Boston dragon boat-racing event excites, unites
Thousands of people enthusiastically participated in dragon boat races on the Charles River this weekend, along with the cultural fair celebrating the Chinese traditional event.
This year's Boston Hong Kong Dragon Boat Festival, held Sunday near the John W. Weeks Footbridge on the river, featured 68 teams with about 2,000 paddlers from across Massachusetts, other New England states and New York. They competed in 500-meter races, which started in 1979.
"We want to promote dragon boat racing; we want to use this platform to promote Asian culture … people come here to learn, for exchange or just for fun, too," Gail Wang, board president of the Boston Hong Kong Dragon Boat Festival, told China Daily.
Wang said that over the past year, dozens of volunteers for the 45th annual festival have been working diligently to preserve the tradition while also offering a fresh perspective to attendees.

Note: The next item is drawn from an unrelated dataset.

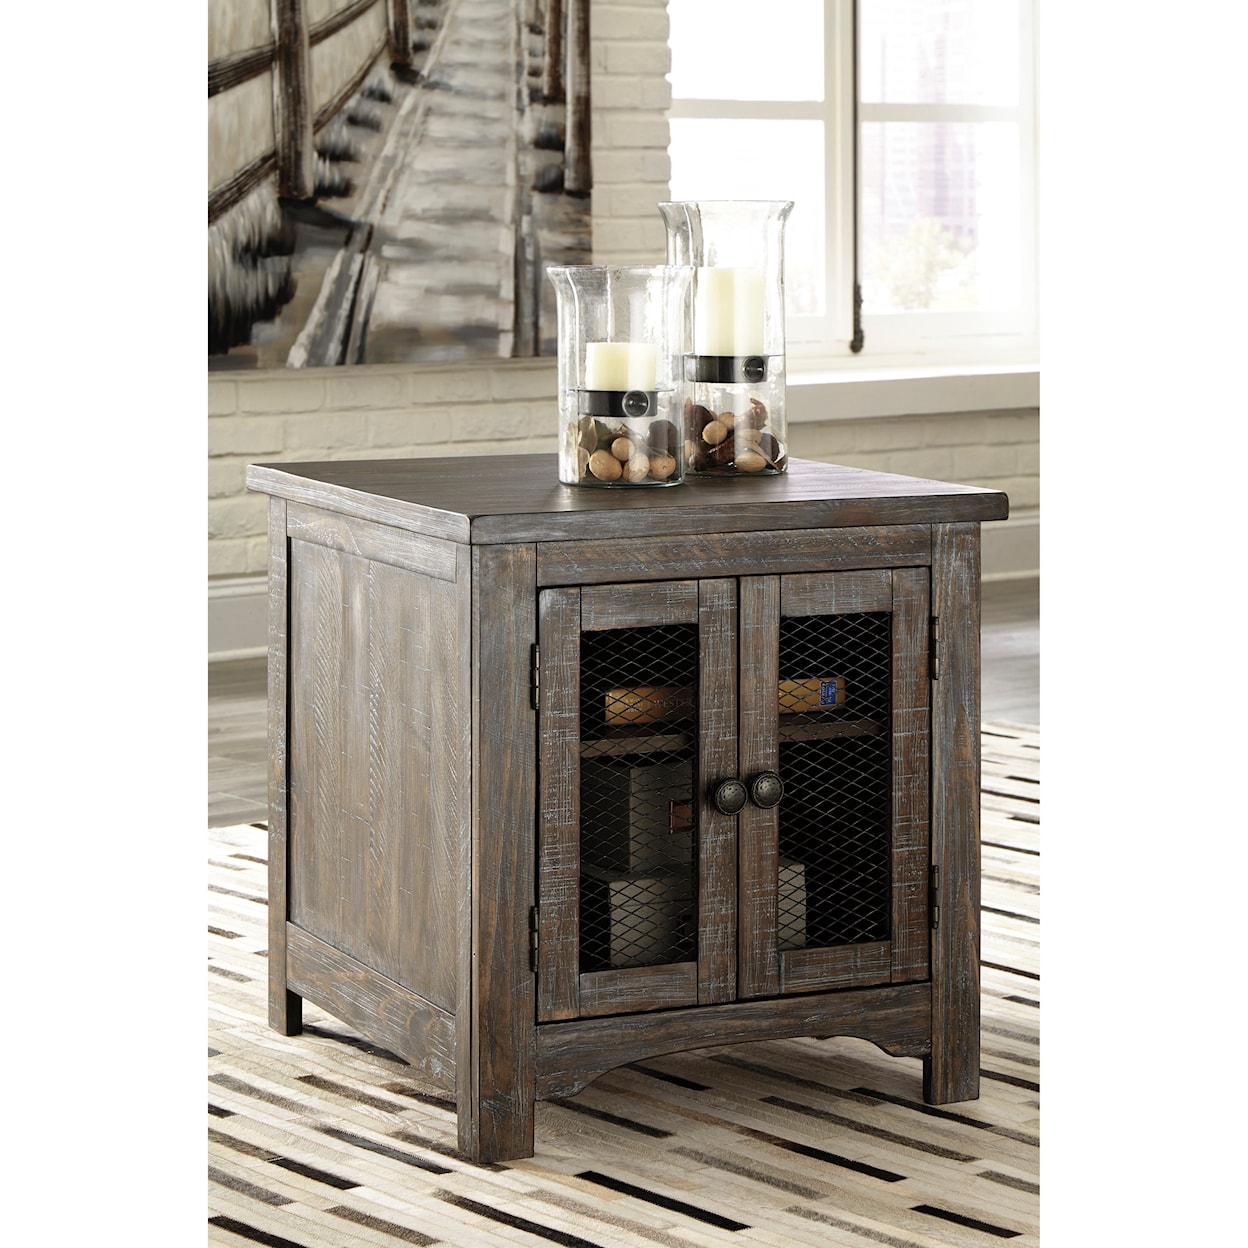 Signature Design by Ashley Danell Ridge End Table

"It's very important for [connections] of people … culture exchanges, and that's what we do," she said.
The festival, also called Duanwu, is a traditional Chinese festival observed on the fifth day of the fifth lunar month. It commemorates the life and death of Qu Yuan (340-278 BC), an exiled poet and politician during the Warring States Period (475-221 BC). Upon hearing that his state, Chu, had fallen, he committed suicide by drowning himself in the Miluo River.